Exercise directions: Only the lines from the line containing "Demonstranten in Berlin" to the end of the entries should be repeated, exactly as they appear.

Data to use:
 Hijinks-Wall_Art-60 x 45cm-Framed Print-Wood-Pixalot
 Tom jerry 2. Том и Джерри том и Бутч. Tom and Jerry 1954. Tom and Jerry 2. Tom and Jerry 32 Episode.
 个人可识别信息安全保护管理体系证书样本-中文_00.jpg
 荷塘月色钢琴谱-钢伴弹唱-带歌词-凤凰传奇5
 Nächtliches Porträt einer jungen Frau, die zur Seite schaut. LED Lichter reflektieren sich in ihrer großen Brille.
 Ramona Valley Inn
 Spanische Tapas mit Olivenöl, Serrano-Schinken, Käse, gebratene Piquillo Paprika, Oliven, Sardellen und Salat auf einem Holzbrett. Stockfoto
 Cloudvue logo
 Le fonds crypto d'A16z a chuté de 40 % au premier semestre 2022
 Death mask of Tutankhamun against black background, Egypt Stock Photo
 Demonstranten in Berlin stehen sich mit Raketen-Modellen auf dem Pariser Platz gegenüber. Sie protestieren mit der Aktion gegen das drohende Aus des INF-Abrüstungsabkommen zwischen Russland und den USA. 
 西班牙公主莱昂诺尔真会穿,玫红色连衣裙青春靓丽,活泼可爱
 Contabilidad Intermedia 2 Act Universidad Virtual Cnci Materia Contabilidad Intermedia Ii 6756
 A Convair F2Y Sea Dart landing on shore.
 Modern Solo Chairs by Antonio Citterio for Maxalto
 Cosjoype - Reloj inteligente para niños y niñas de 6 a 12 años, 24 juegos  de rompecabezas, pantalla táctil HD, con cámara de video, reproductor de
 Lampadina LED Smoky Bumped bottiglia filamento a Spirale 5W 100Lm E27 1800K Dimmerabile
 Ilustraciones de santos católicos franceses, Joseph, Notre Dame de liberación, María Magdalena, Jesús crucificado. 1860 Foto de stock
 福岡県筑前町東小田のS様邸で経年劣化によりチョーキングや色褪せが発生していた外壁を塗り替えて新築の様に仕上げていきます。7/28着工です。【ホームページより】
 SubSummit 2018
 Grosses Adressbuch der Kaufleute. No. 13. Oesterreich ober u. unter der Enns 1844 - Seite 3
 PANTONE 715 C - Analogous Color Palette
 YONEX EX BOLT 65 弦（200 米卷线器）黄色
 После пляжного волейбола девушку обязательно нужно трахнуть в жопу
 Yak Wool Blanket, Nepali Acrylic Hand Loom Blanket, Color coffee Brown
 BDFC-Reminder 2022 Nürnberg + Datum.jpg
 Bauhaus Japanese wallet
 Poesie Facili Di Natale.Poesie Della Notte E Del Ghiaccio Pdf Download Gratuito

Exercise solution:
 Demonstranten in Berlin stehen sich mit Raketen-Modellen auf dem Pariser Platz gegenüber. Sie protestieren mit der Aktion gegen das drohende Aus des INF-Abrüstungsabkommen zwischen Russland und den USA. 
 西班牙公主莱昂诺尔真会穿,玫红色连衣裙青春靓丽,活泼可爱
 Contabilidad Intermedia 2 Act Universidad Virtual Cnci Materia Contabilidad Intermedia Ii 6756
 A Convair F2Y Sea Dart landing on shore.
 Modern Solo Chairs by Antonio Citterio for Maxalto
 Cosjoype - Reloj inteligente para niños y niñas de 6 a 12 años, 24 juegos  de rompecabezas, pantalla táctil HD, con cámara de video, reproductor de
 Lampadina LED Smoky Bumped bottiglia filamento a Spirale 5W 100Lm E27 1800K Dimmerabile
 Ilustraciones de santos católicos franceses, Joseph, Notre Dame de liberación, María Magdalena, Jesús crucificado. 1860 Foto de stock
 福岡県筑前町東小田のS様邸で経年劣化によりチョーキングや色褪せが発生していた外壁を塗り替えて新築の様に仕上げていきます。7/28着工です。【ホームページより】
 SubSummit 2018
 Grosses Adressbuch der Kaufleute. No. 13. Oesterreich ober u. unter der Enns 1844 - Seite 3
 PANTONE 715 C - Analogous Color Palette
 YONEX EX BOLT 65 弦（200 米卷线器）黄色
 После пляжного волейбола девушку обязательно нужно трахнуть в жопу
 Yak Wool Blanket, Nepali Acrylic Hand Loom Blanket, Color coffee Brown
 BDFC-Reminder 2022 Nürnberg + Datum.jpg
 Bauhaus Japanese wallet
 Poesie Facili Di Natale.Poesie Della Notte E Del Ghiaccio Pdf Download Gratuito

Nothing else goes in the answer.